Все сразу сделалось простым и понятным, а уж драться-то Женя умел!.. Его нога вылетела вперед, нанеся удар в живот; с разворота «выстрелил» второй ногой в грудь — слесарь взвыл и повалился на пол, забыв про нож. Женя ударил его еще раз, потом еще; Лариса не препятствовала этому. Слесарь пытался подняться, но сумев лишь встать на четвереньки, пополз к двери. На полу остался явно зековский выкидной нож…
Лариса плакала, и Женя осторожно повел ее в комнату.
— Успокойся, — сказал он ласково, опуская ее на диван.
— Мне больно…
— Может «скорую» вызвать? Или ментов?
— Не надо… — Лариса легла. Ее руки безжизненно свешивались к полу, платье бессовестно задралось выше колен, но это уже не имело никакого значения.
— За что он тебя? — Женя заботливо склонился к ее лицу. Теперь он имел право на любые вопросы.
— Он злой… — всхлипнув, Лариса повернула голову. Глаза ее, с застывшими слезинками, казались безжизненными, — он хочет жениться на мне; говорит, у меня хороший дом, и, вообще,
— Так это он тогда по окну лазал?
— Да. Я знала, но все равно страшно. Потому я и позвала вас ночевать. Мне хотелось, чтоб хоть кто-нибудь был рядом. Я боюсь, что он и меня убьет.
Женя поразился тому, как все, оказывается, просто.
— А стонет кто по ночам? — спросил он, чтоб окончательно избавиться от чертовщины.
— Моя мать. Она больна. С тех пор, как папа умер, она не встает. Я привыкла бегать на каждый стон, и днем, и ночью. Боюсь, если она тоже умрет, я совсем одна останусь…
— Когда ж ты спишь?
— Привыкла, — Лариса слабо улыбнулась, — хожу и сплю, сижу и сплю.

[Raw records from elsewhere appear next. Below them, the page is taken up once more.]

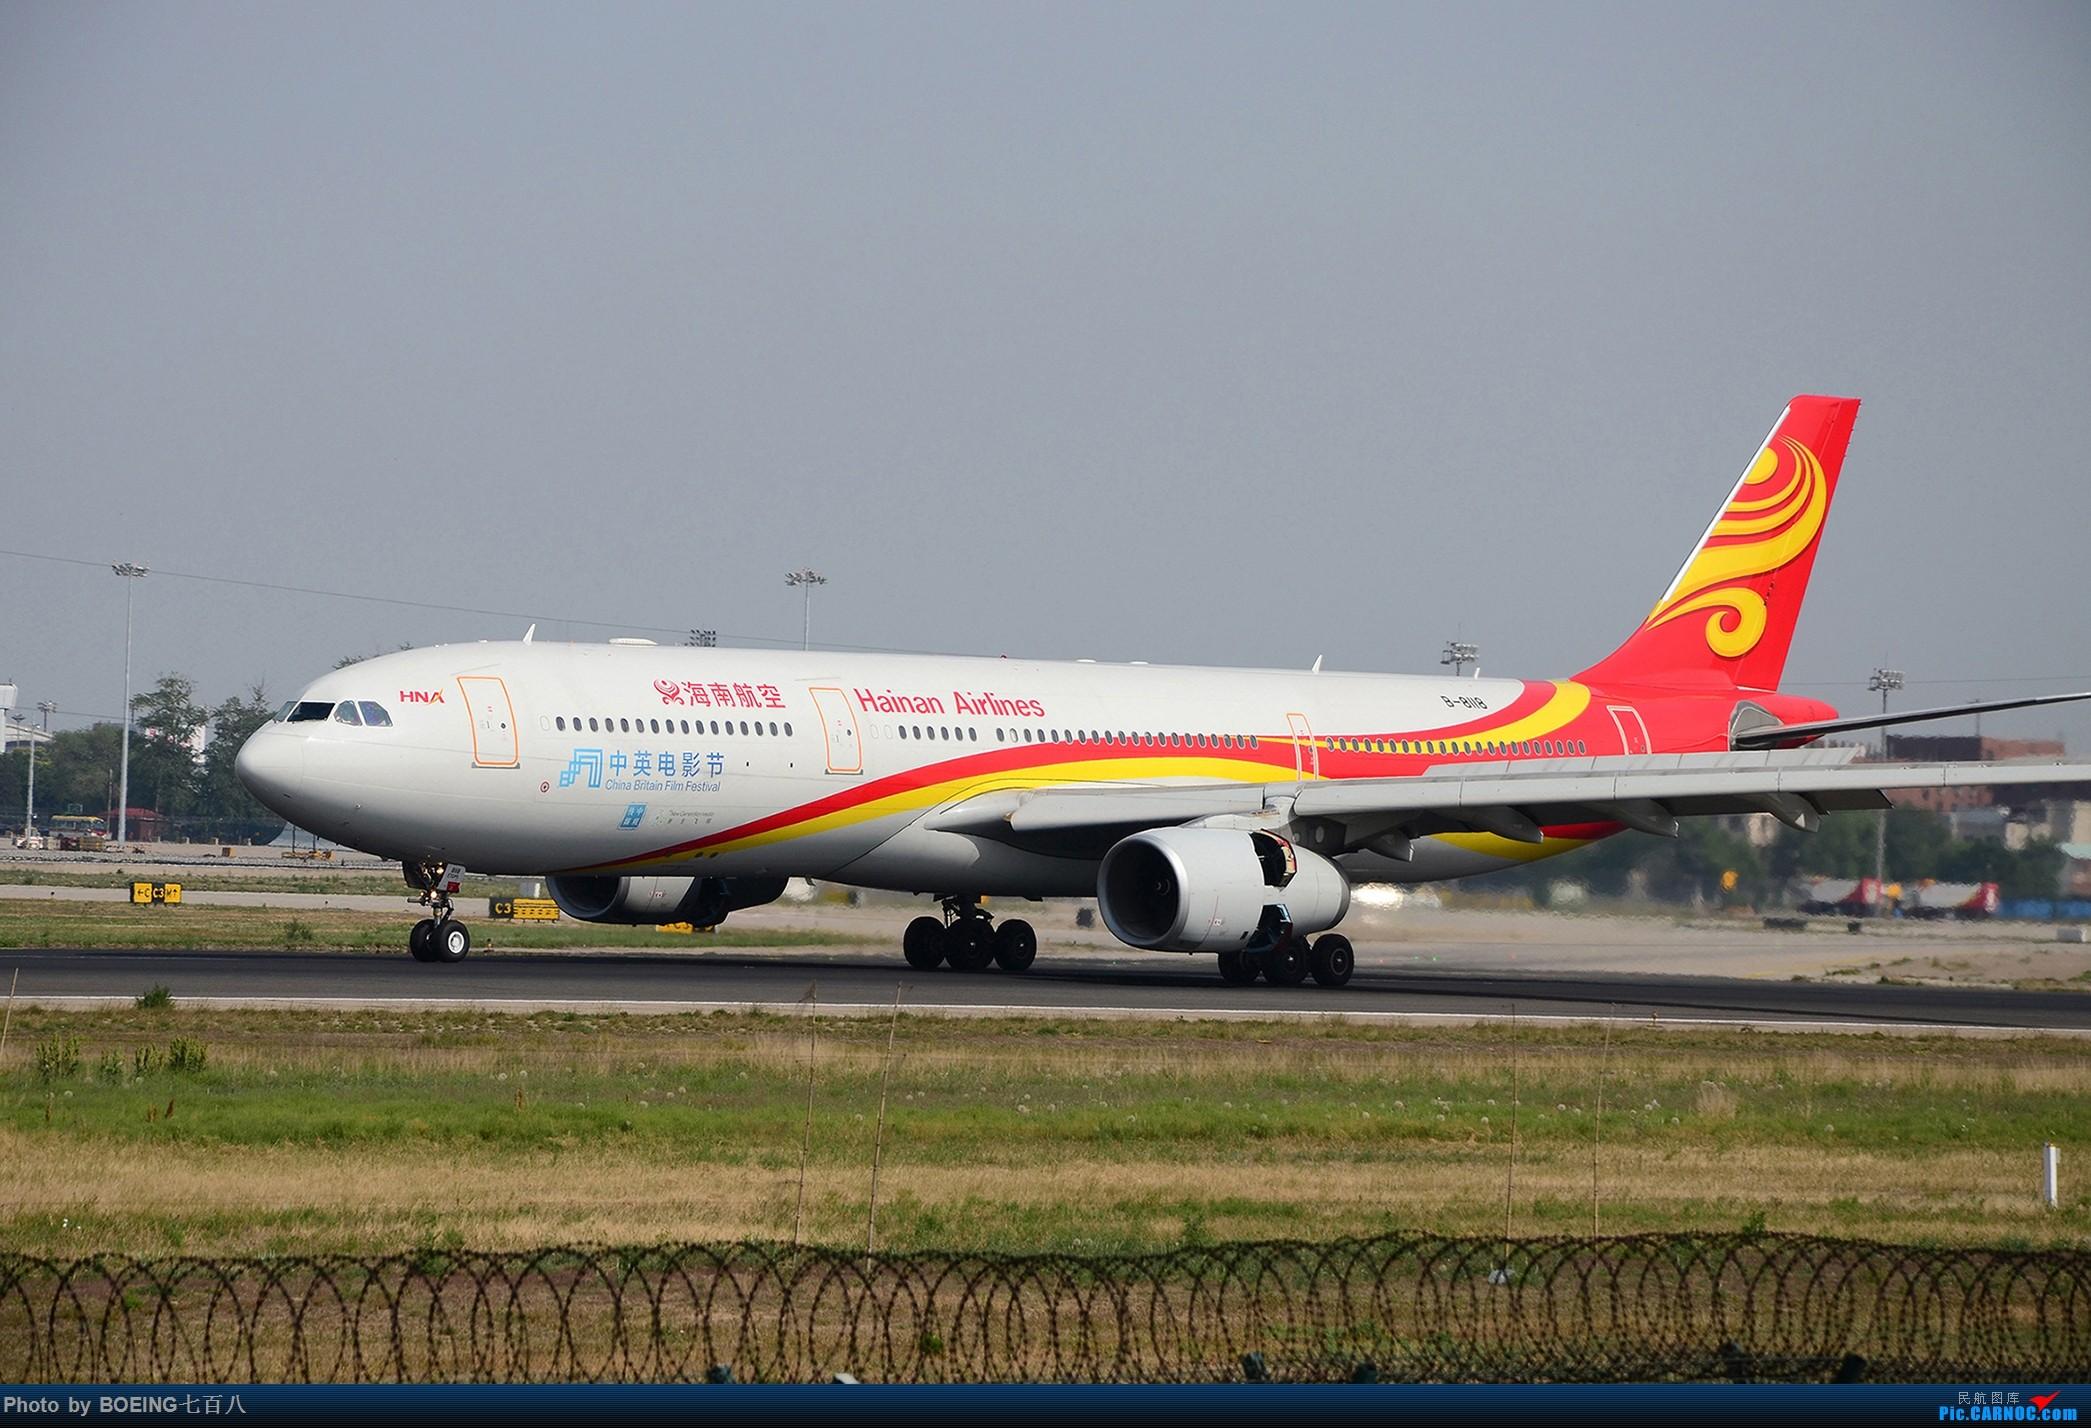 Re:[原创]海航家的黄焖熊猫和清蒸熊猫等好货 AIRBUS A330-300 B-8118 中国北京首都国际机场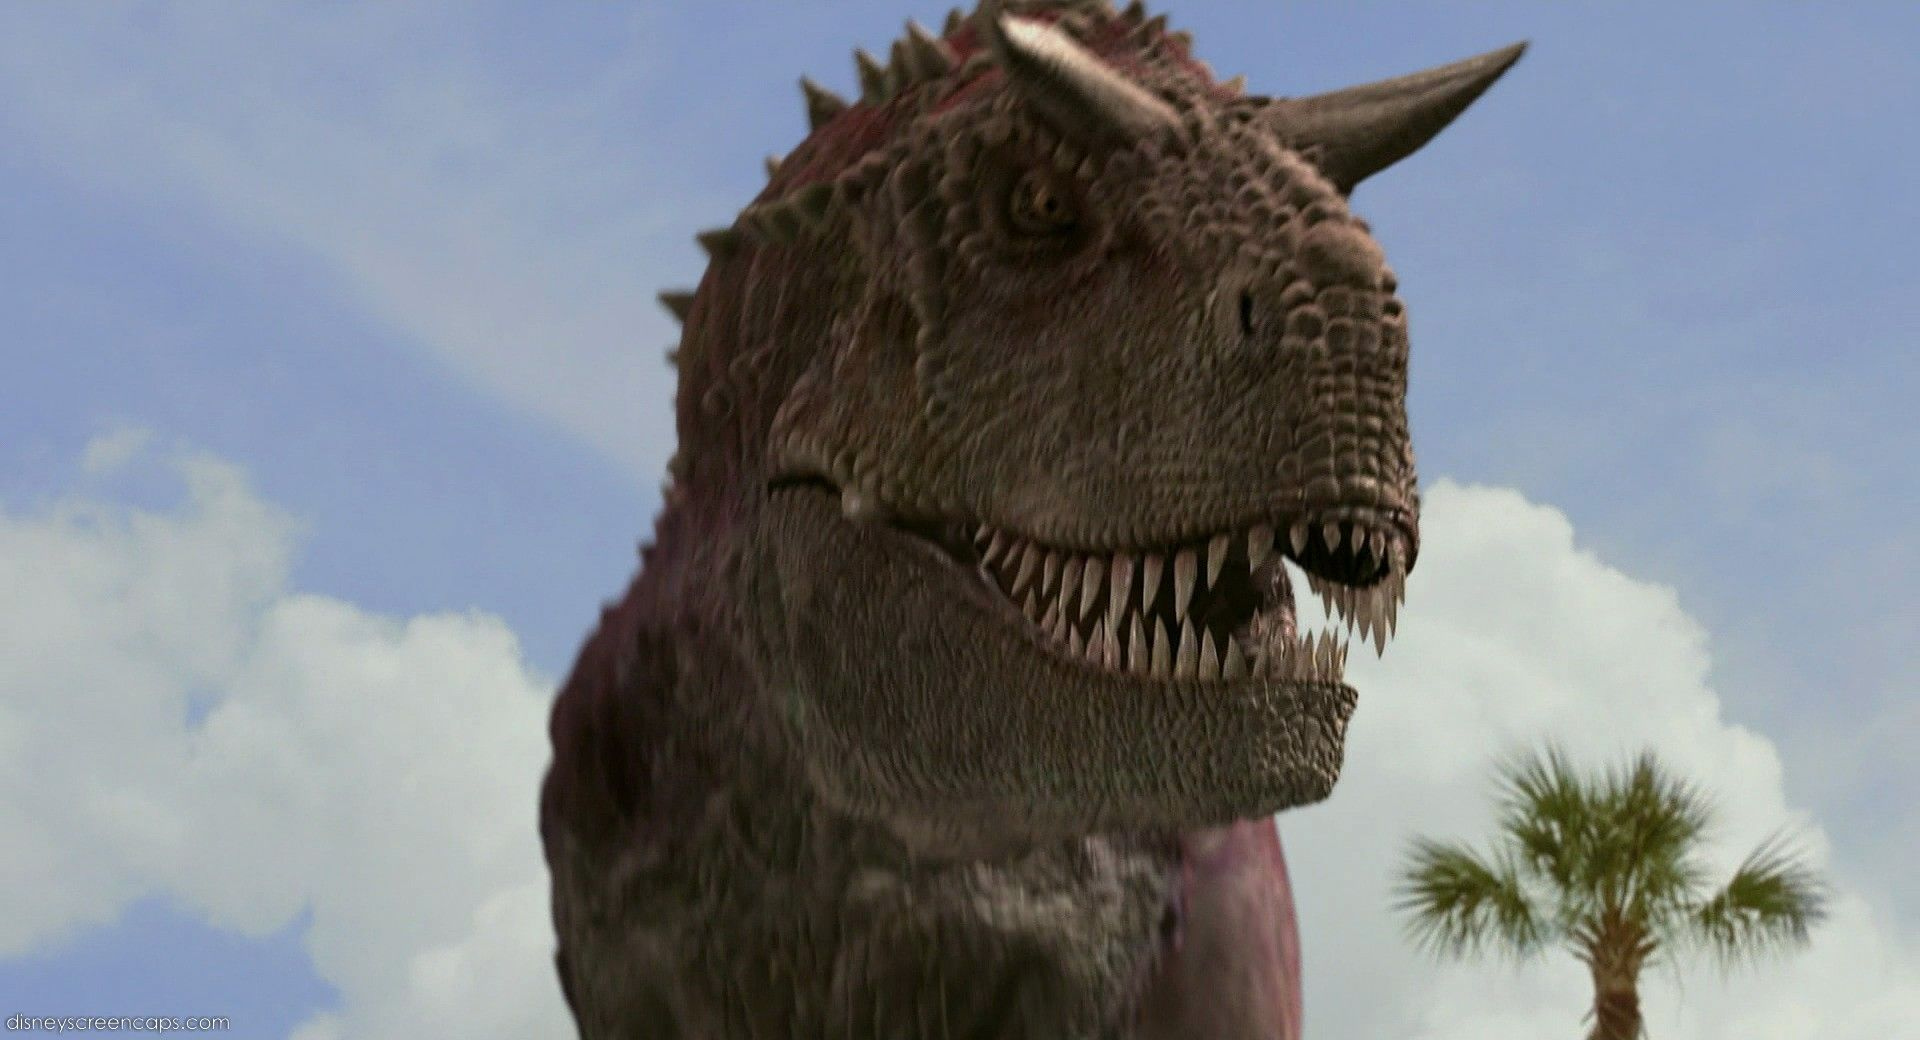 Dinosaur disneyscreencaps com 1920 1040 - Dinosaure film gratuit ...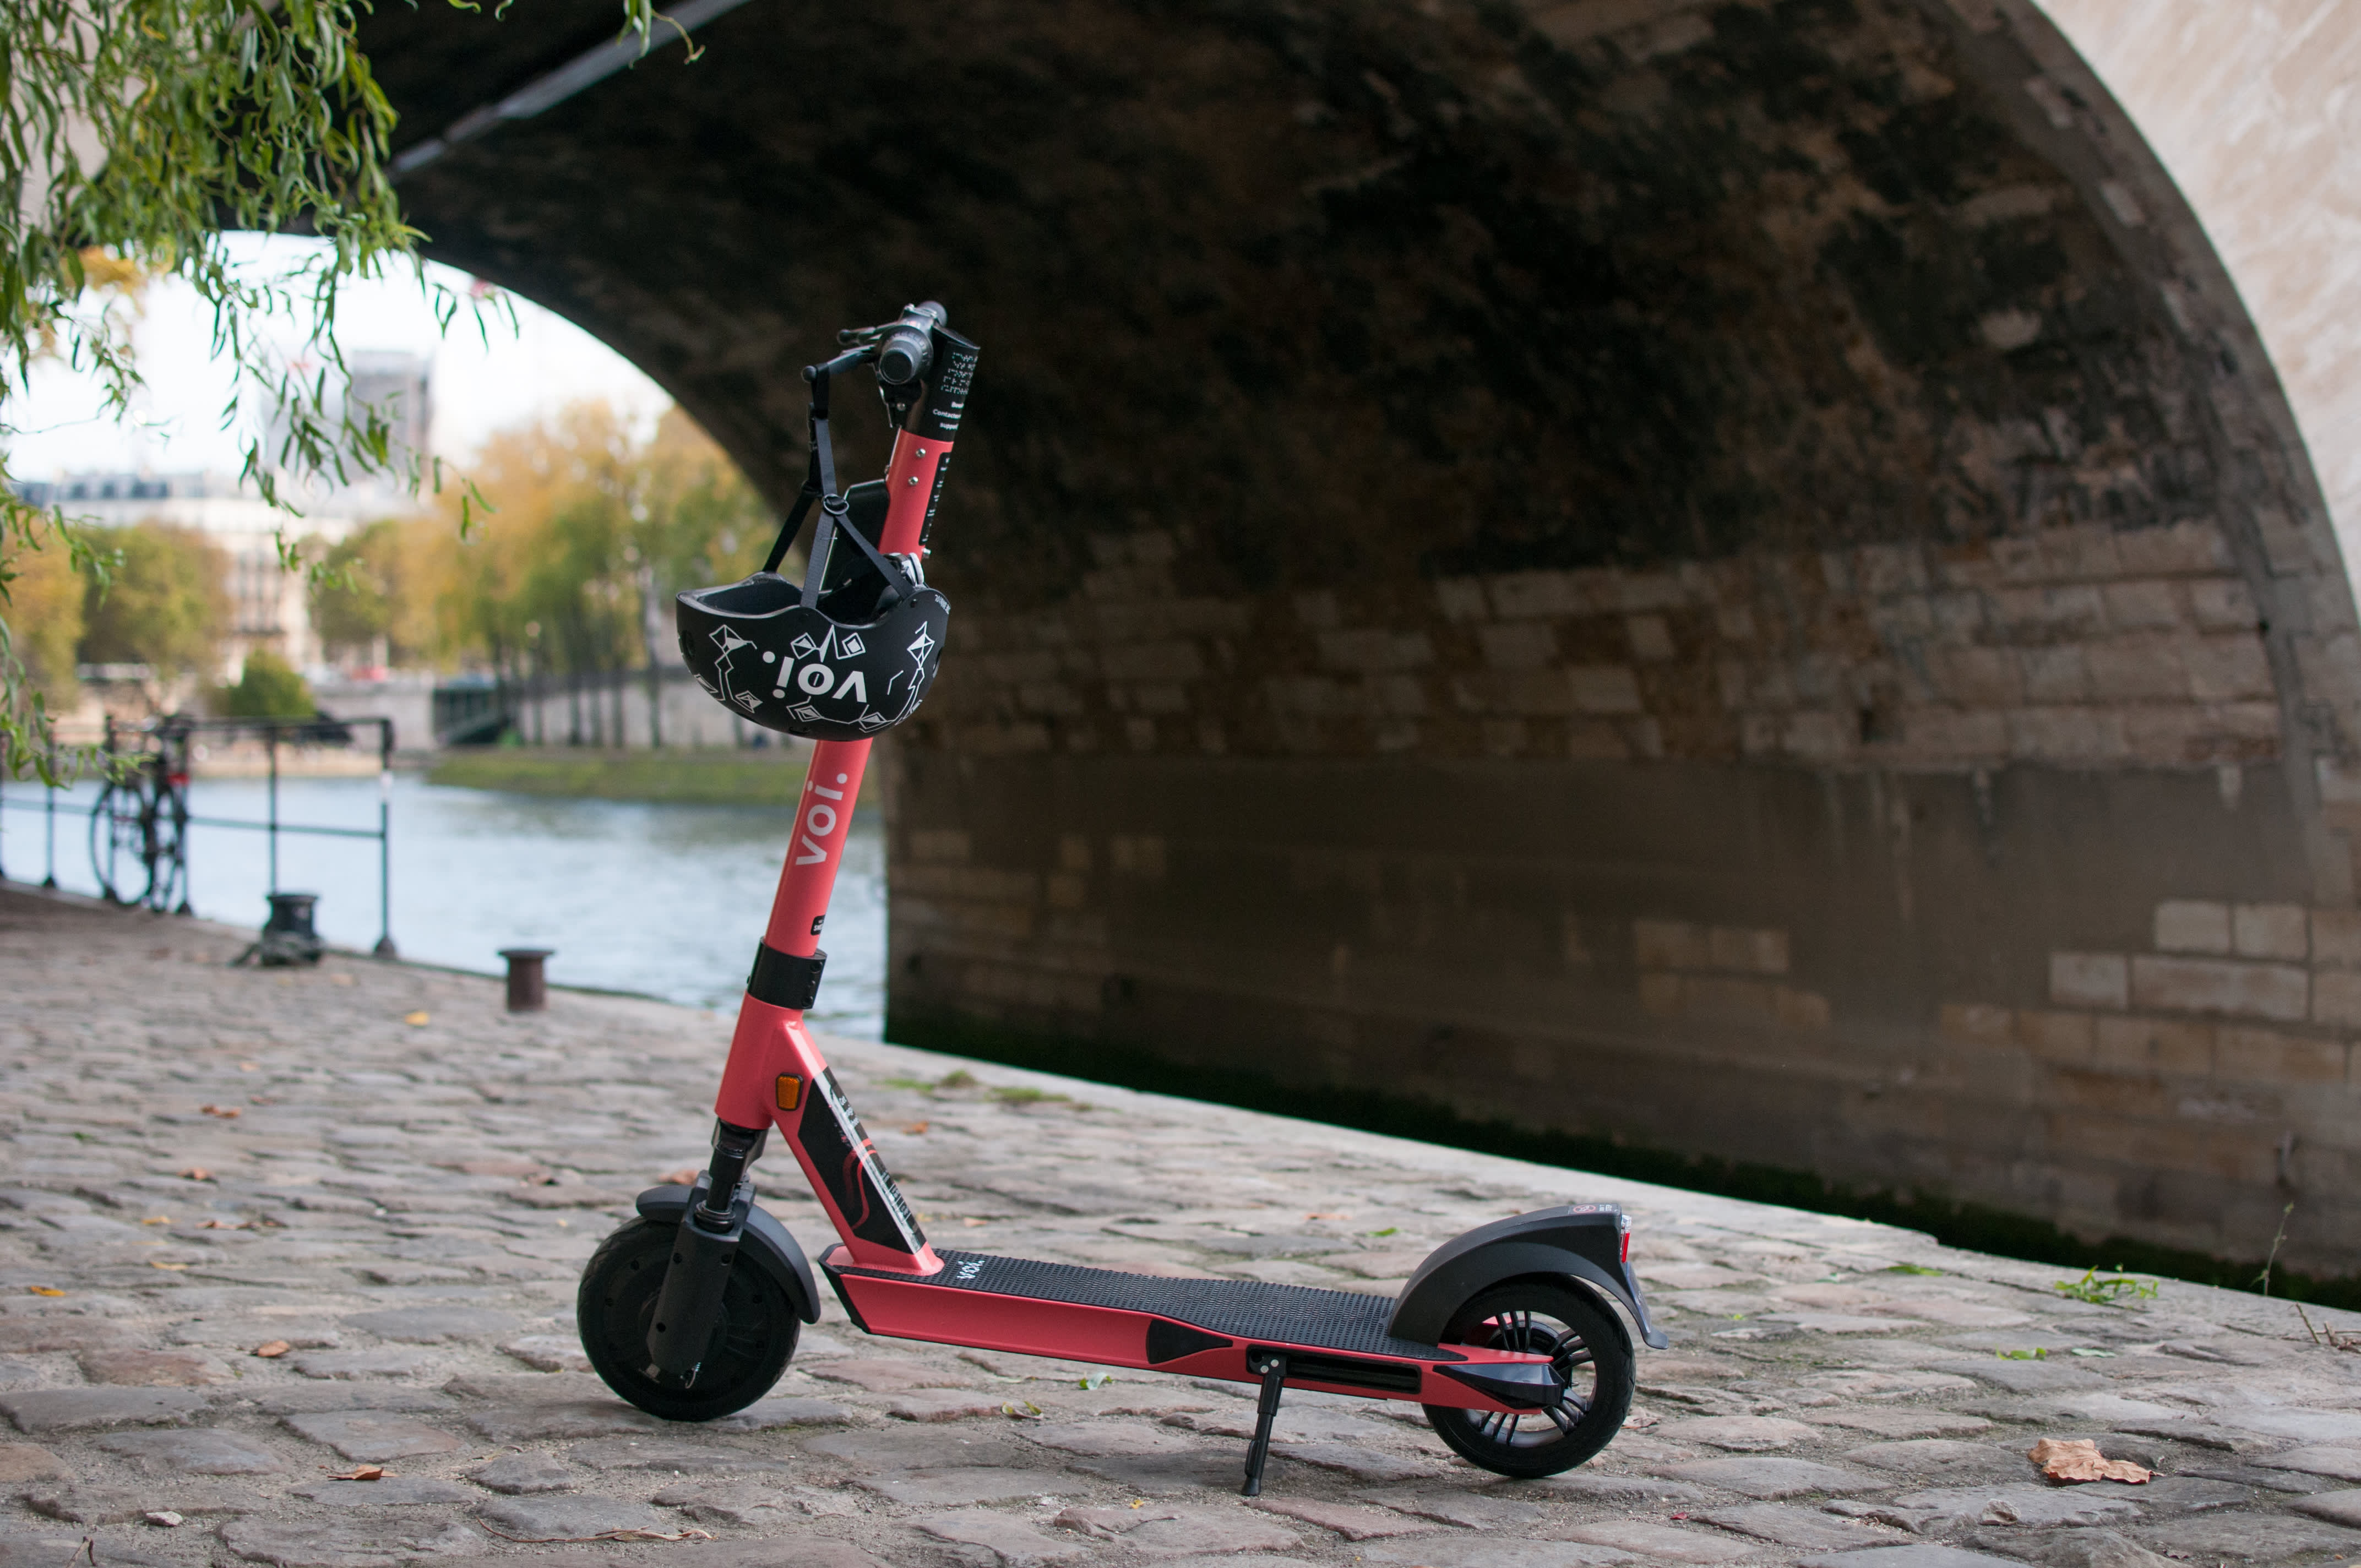 European e-scooter firm Voi raises $85 million in funding round

— А мать где? — Женя оглянулся, будто надеясь увидеть ее.
— В комнате… там, за шторой…
…Блин, как я не догадался!.. Одна штора в проходной комнате закрывает окно, а вторая-то — дверь!.. Идиот! Стоило приоткрыть ее… — он радостно засмеялся.
— Почему ты сразу мне все не рассказала?
— Боялась, что вы уйдете. Вам-то все равно, где жить, а мне страшно одной…
Кошмары вдруг унеслись, оставив лишь память о вчерашнем утре. …И почему с Ларисами у меня все получается так нелепо и гадко?..
— А ты помнишь, что происходит ночью?..
— Иногда… а иногда я, как робот… но я привыкла, — Лариса снова закрыла глаза, — мне больно… ну, почему он такой?..
Женя не нашелся, что ответить, думая, как бы она оценила его, если б помнила то утро …или она все же помнит его?..
Потом Лариса уснула, а Женя долго сидел, охраняя ее покой. Он думал, что, наверное, в жизни существует своя логика, и, следовательно, все это должно было когда-нибудь произойти. Должна была прийти Белая Женщина, и звать ее должны были Ларисой, как ту девчонку… Врачи ведь еле откачали ее после пилюль, которых она наглоталась с отчаяния…
Ничто в жизни не проходит — все возвращается, надо только понять, в какой момент, и быть готовым. …А еще лучше, быть готовым тогда, когда совершаешь что-то… хотя это, пожалуй, невозможно… — Женя усмехнулся, — зато никакой нечисти, точно, не существует… вернее, не так — нечисть живет в нас самих, напоминая о том, что мы стараемся забыть…
Последнюю ночь Женя спал спокойно и лишь под утро услышал стон, потом легкие Ларисины шаги…
Прежде, чем уехать, он долго стоял на пороге, сжимая Ларисину руку, и думал, можно ли ее поцеловать, но она сделала это сама — поднялась на цыпочки и чмокнув в щеку, сказала:
— До свиданья. Спасибо, что ты оказался, именно, таким.
…Значит, она совсем не помнит того утра. Но я-то помню!.. Неизвестно, какие черти и когда вернут мне это воспоминание… Не оборачиваясь, Женя быстро пошел к вокзалу.
В поезде, где ласковый свет ночника вносил в душу покой и умиротворение, Женя спал, наверстывая упущенное. Никогда он не думал, что поезд — это так прекрасно. Правда, несколько раз он все-таки просыпался, но слыша в полудреме мерный стук колес, тут же засыпал с блаженной улыбкой на лице.